Launching a new product or service isn’t free - you’ve got to build it, launch it, market it to attract customer attention, then win customers away from the existing rivals. Depending on the nature of the product, those can range from “trivially easy” to “impossibly hard”. The easier these are, goes the thinking, the more likely it is that rivals will try to do what you’re doing, and steal market share away from you.

Barriers to entry into a market can take all kinds of forms, both obvious and hidden. If you wanted to start a new airline, for example, you’ll need seriously deep pockets. Leasing aircraft and setting up all the necessary infrastructure - ticket sales, handling agents, flight crews etc etc is both necessary, complicated and expensive.

And that assumes that you’re allowed to try in the first place - regulatory barriers might prevent you from operating in the first place. To fly in the US, you’ll need the approval of the Federal Aviation Authority. They exist to enforce standards to stop planes falling out of the sky, which means you won’t be allowed to cut corners even if you need to in order to run your new service at a profit.

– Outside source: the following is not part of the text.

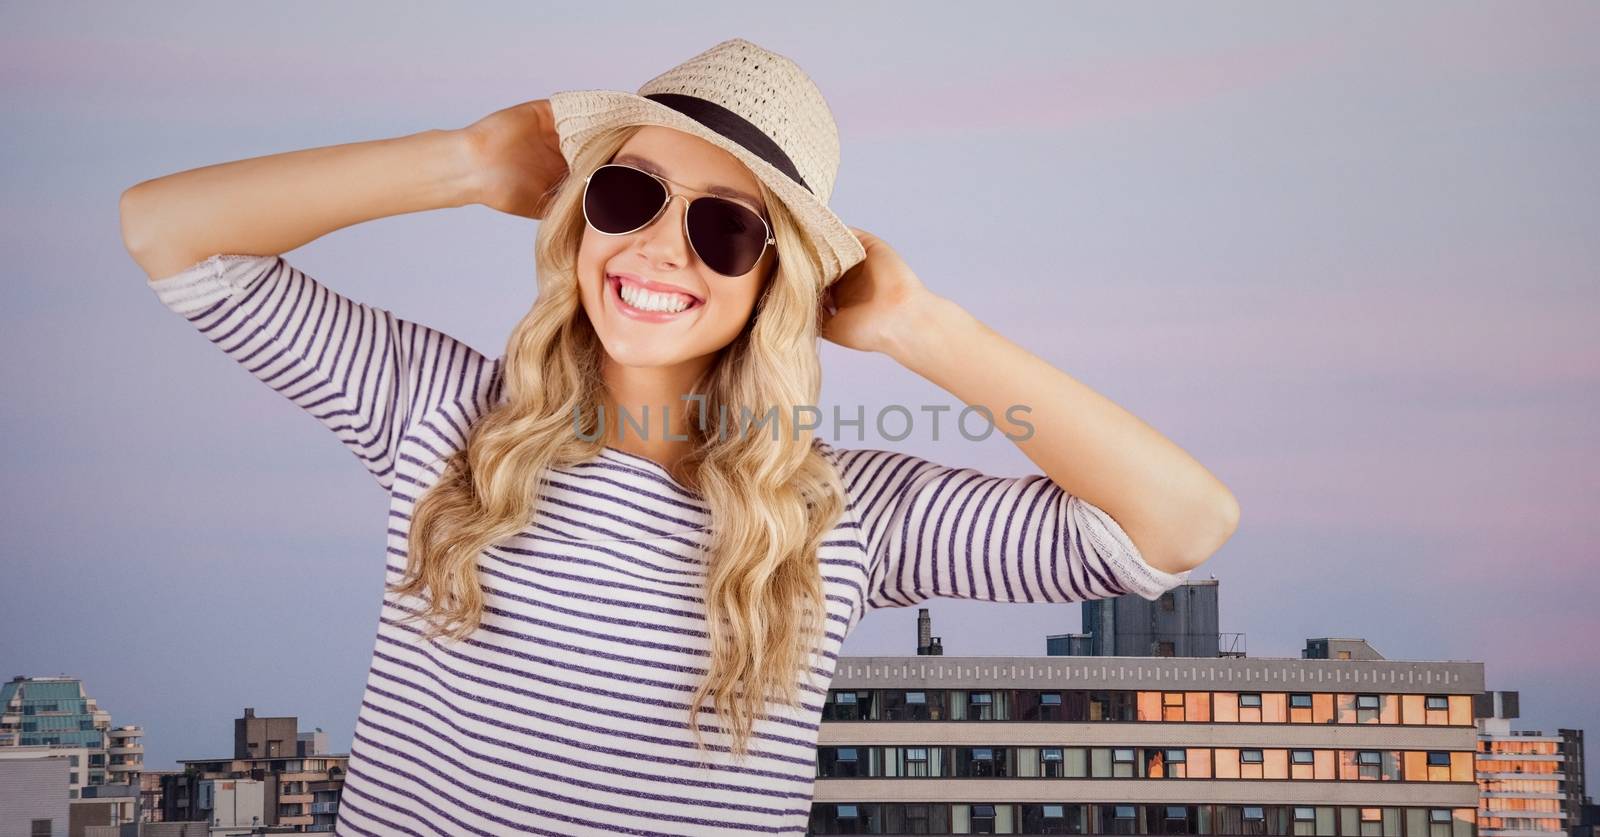 Digital composite of Woman in summer clothes with hands on head against buildings and evening sky
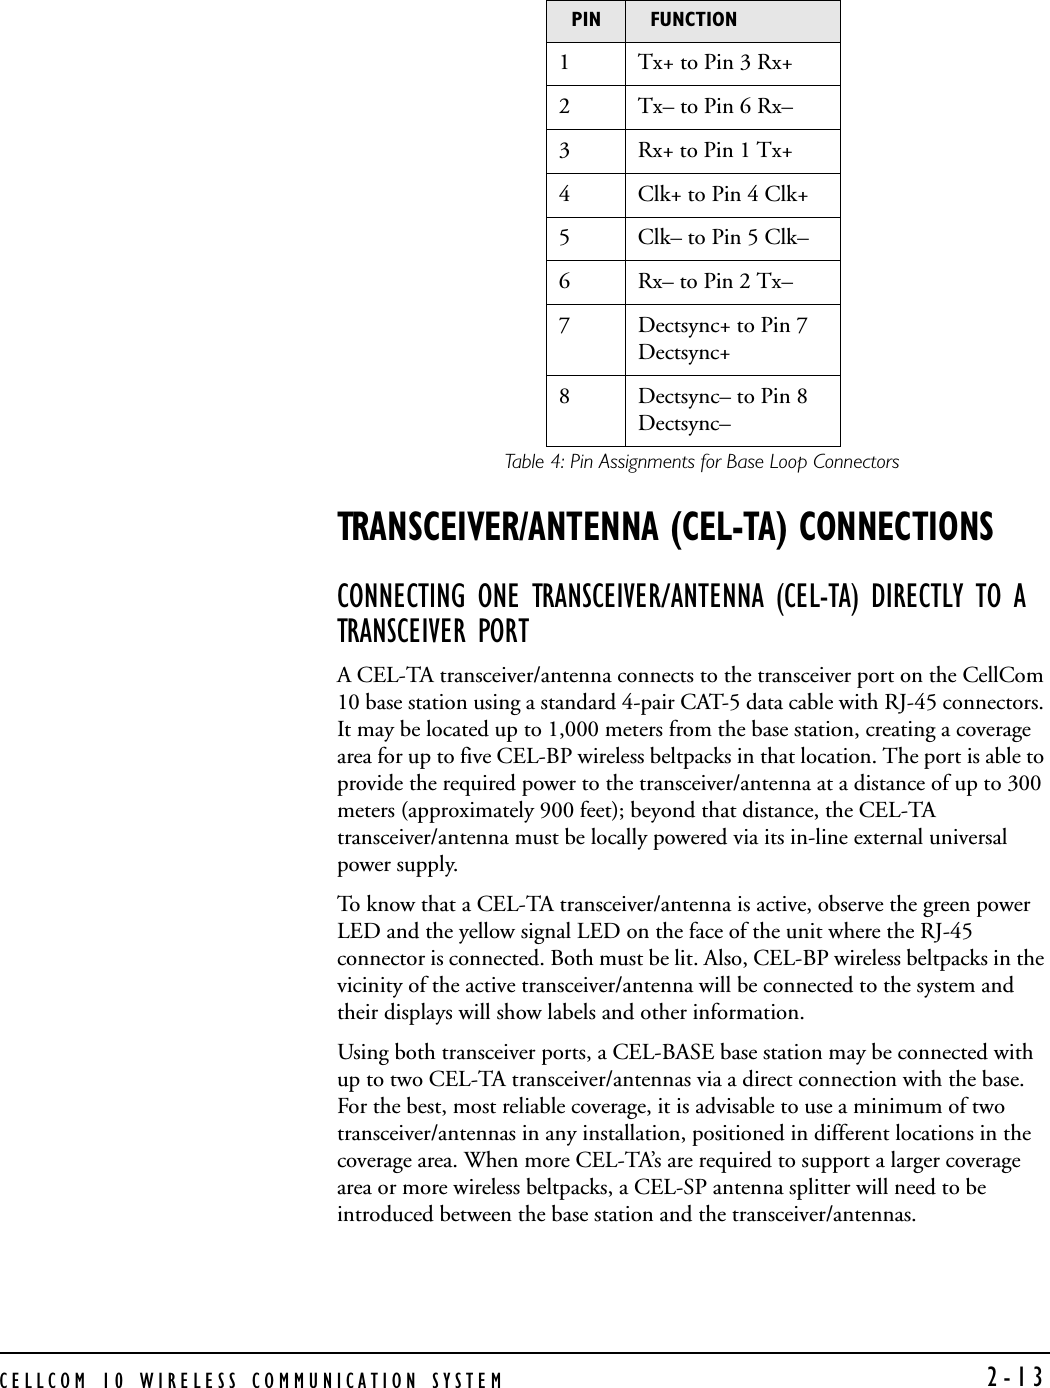 CELLCOM 10 WIRELESS COMMUNICATION SYSTEM  2-13Table 4: Pin Assignments for Base Loop ConnectorsTRANSCEIVER/ANTENNA (CEL-TA) CONNECTIONSCONNECTING ONE TRANSCEIVER/ANTENNA (CEL-TA) DIRECTLY TO A TRANSCEIVER PORTA CEL-TA transceiver/antenna connects to the transceiver port on the CellCom 10 base station using a standard 4-pair CAT-5 data cable with RJ-45 connectors. It may be located up to 1,000 meters from the base station, creating a coverage area for up to five CEL-BP wireless beltpacks in that location. The port is able to provide the required power to the transceiver/antenna at a distance of up to 300 meters (approximately 900 feet); beyond that distance, the CEL-TA transceiver/antenna must be locally powered via its in-line external universal power supply.To know that a CEL-TA transceiver/antenna is active, observe the green power LED and the yellow signal LED on the face of the unit where the RJ-45 connector is connected. Both must be lit. Also, CEL-BP wireless beltpacks in the vicinity of the active transceiver/antenna will be connected to the system and their displays will show labels and other information. Using both transceiver ports, a CEL-BASE base station may be connected with up to two CEL-TA transceiver/antennas via a direct connection with the base. For the best, most reliable coverage, it is advisable to use a minimum of two transceiver/antennas in any installation, positioned in different locations in the coverage area. When more CEL-TA’s are required to support a larger coverage area or more wireless beltpacks, a CEL-SP antenna splitter will need to be introduced between the base station and the transceiver/antennas.PIN FUNCTION1Tx+ to Pin 3 Rx+2Tx– to Pin 6 Rx–3 Rx+ to Pin 1 Tx+ 4 Clk+ to Pin 4 Clk+5 Clk– to Pin 5 Clk–6Rx– to Pin 2 Tx–7 Dectsync+ to Pin 7 Dectsync+8 Dectsync– to Pin 8 Dectsync–

Viewed from one perspective, the software industry has low barriers to entry because there’s very little need for big, expensive infrastructure like factories and production lines. Starting a new company to build a rival to SAP could be (in theory) be done very quickly - you wouldn’t even need offices, if you opted to build remote teams. On other hand, there will be significant challenges in finding software developers with expertise to build this, and then you’ll have the challenge of persuading customers to switch to your product.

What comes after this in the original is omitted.